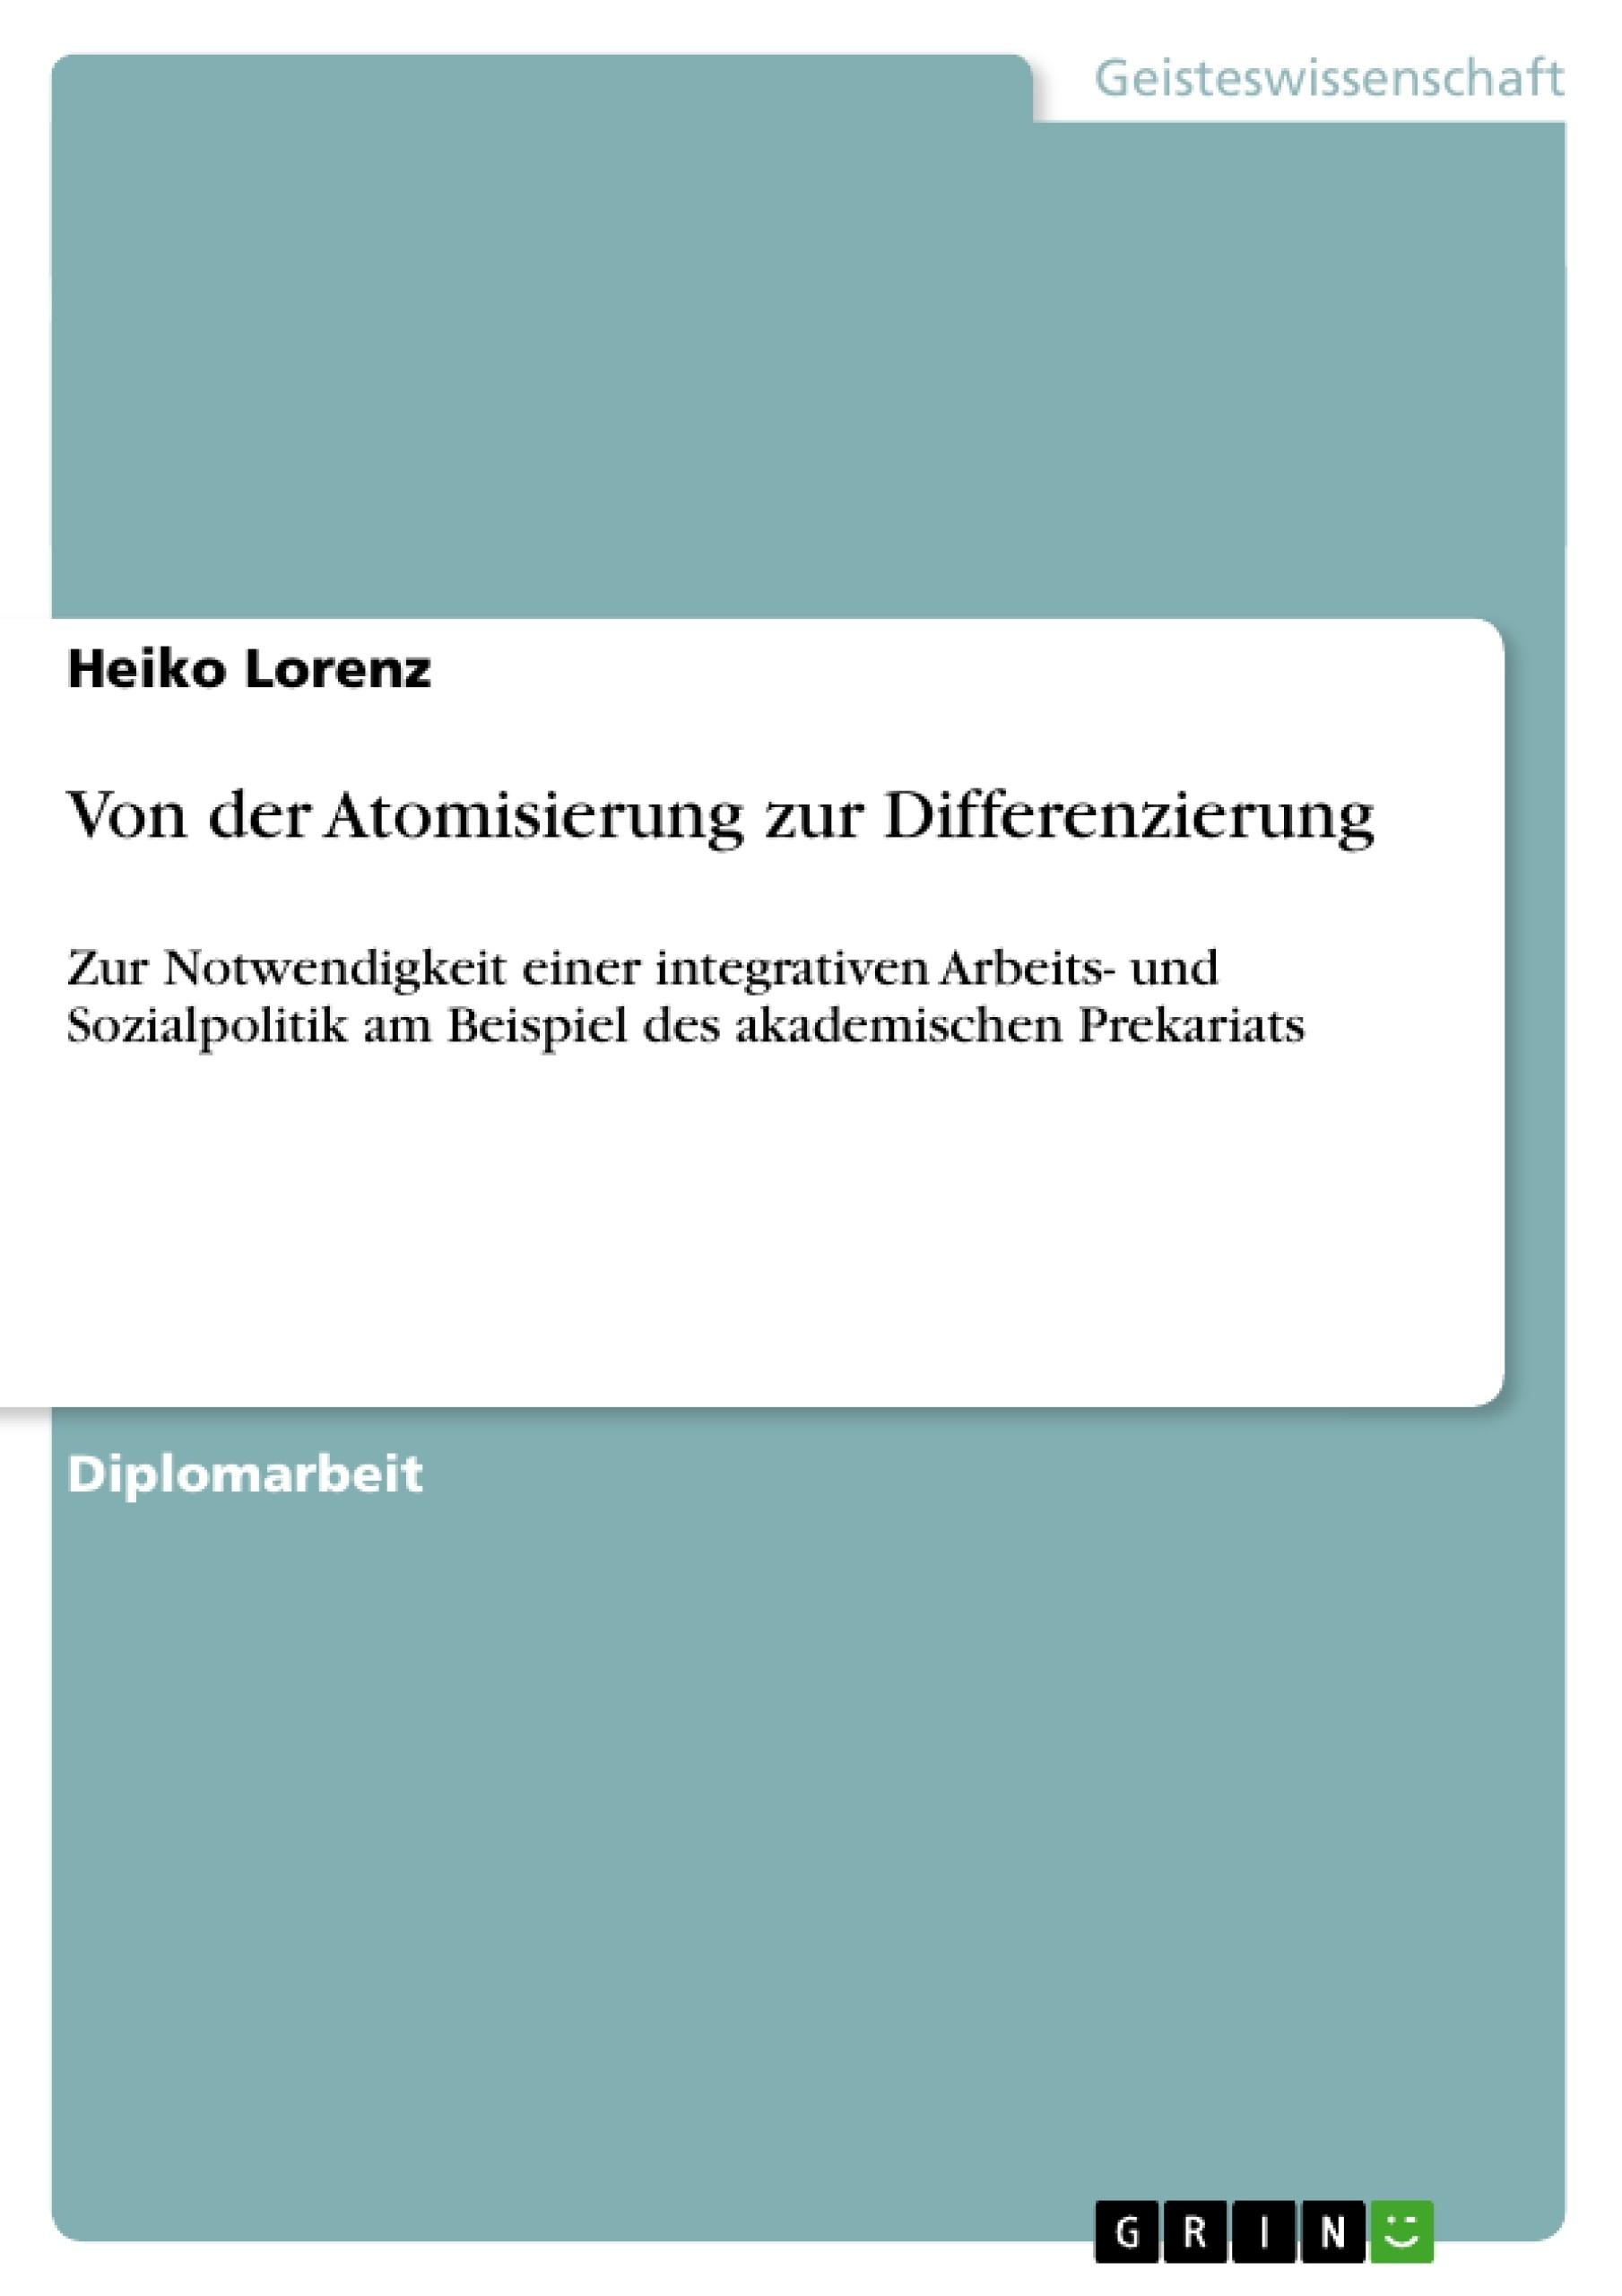 Titel: Von der Atomisierung zur Differenzierung
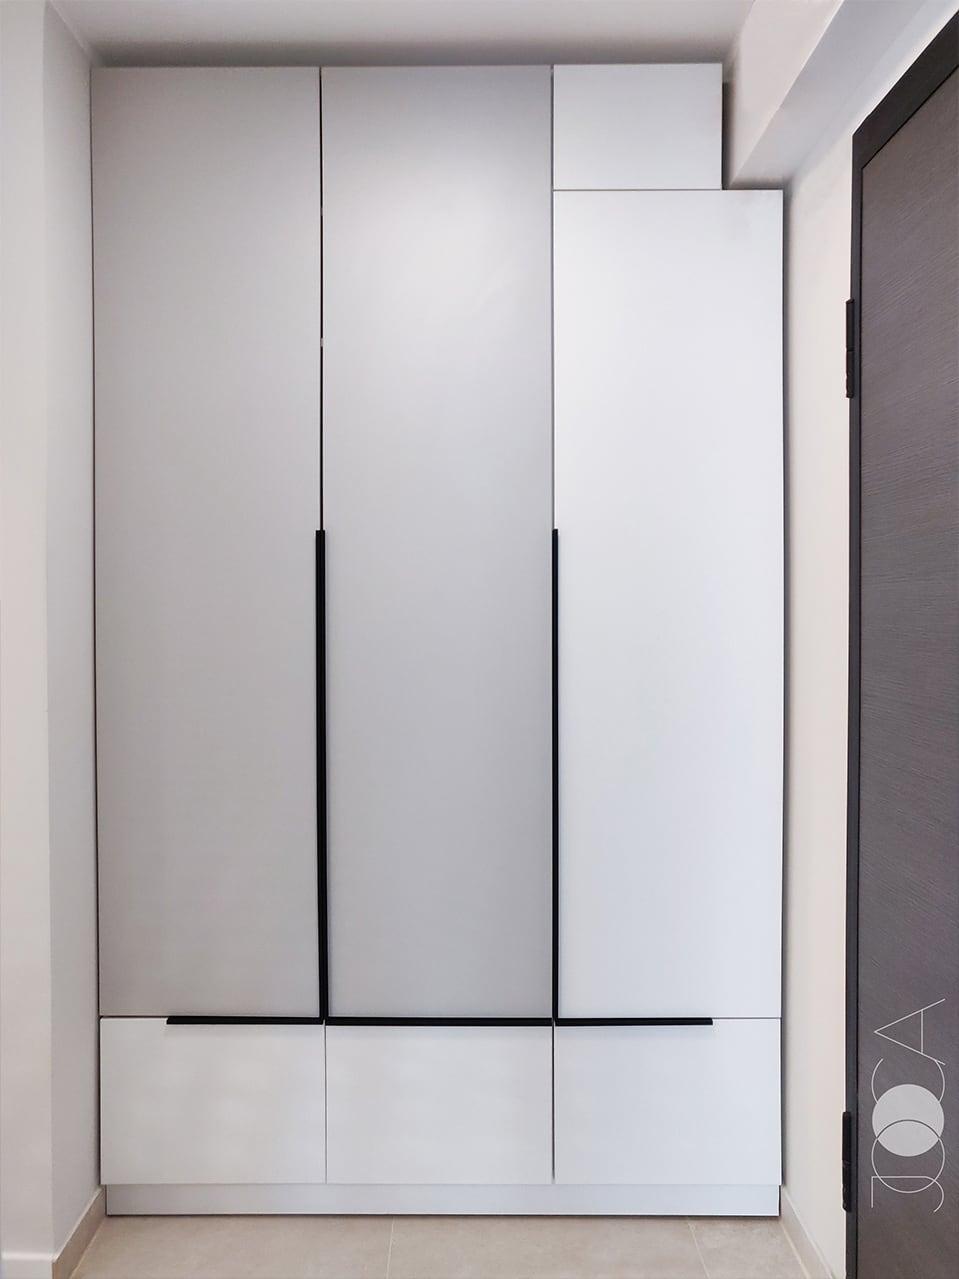 Spatiile de depozitare sunt simple si inalte, realizate intr-o combinatie de gri si alb. Manerele sunt de tip profile metalice, vopsite negru.
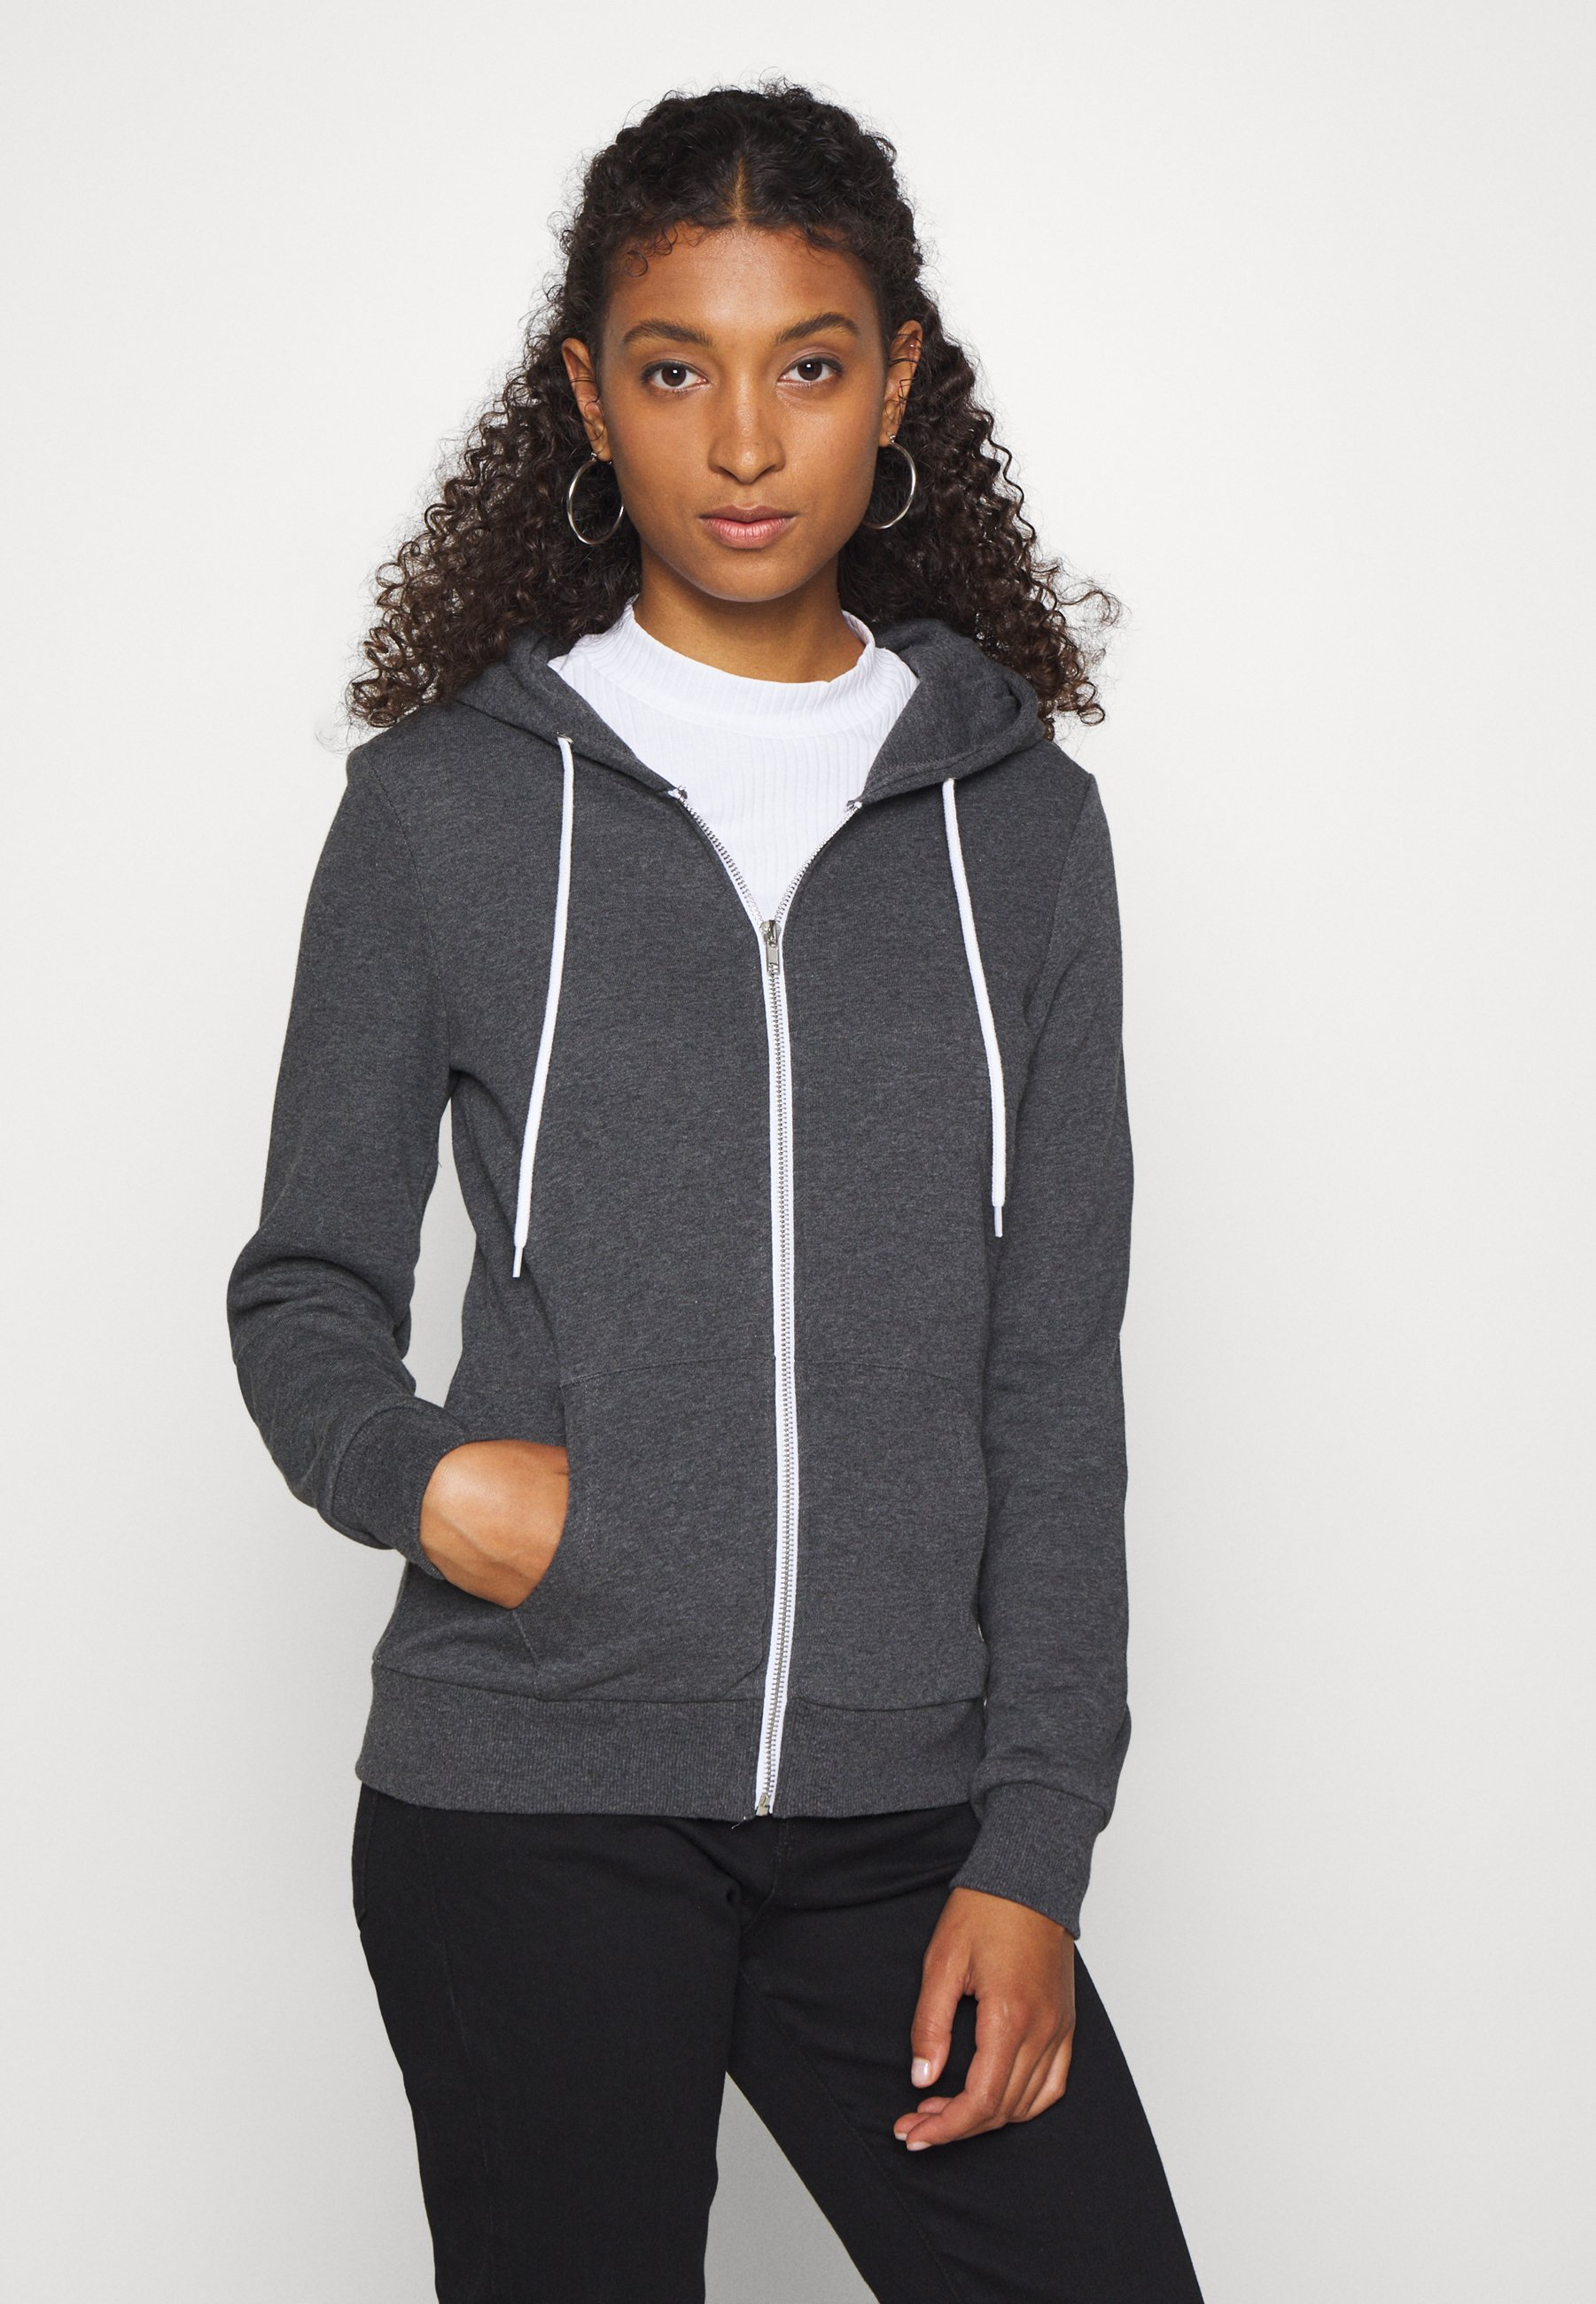 Sweatshirts femme | Tous les articles chez Zalando

* * *

Write out an exact reproduction of the lines from the line that holds "Spatiile de depozitare" to the bottom of the listing above, both ends included. Exclude pictures.

**THE ANSWER**
 Spatiile de depozitare sunt simple si inalte, realizate intr-o combinatie de gri si alb. Manerele sunt de tip profile metalice, vopsite negru.
 Sweatshirts femme | Tous les articles chez Zalando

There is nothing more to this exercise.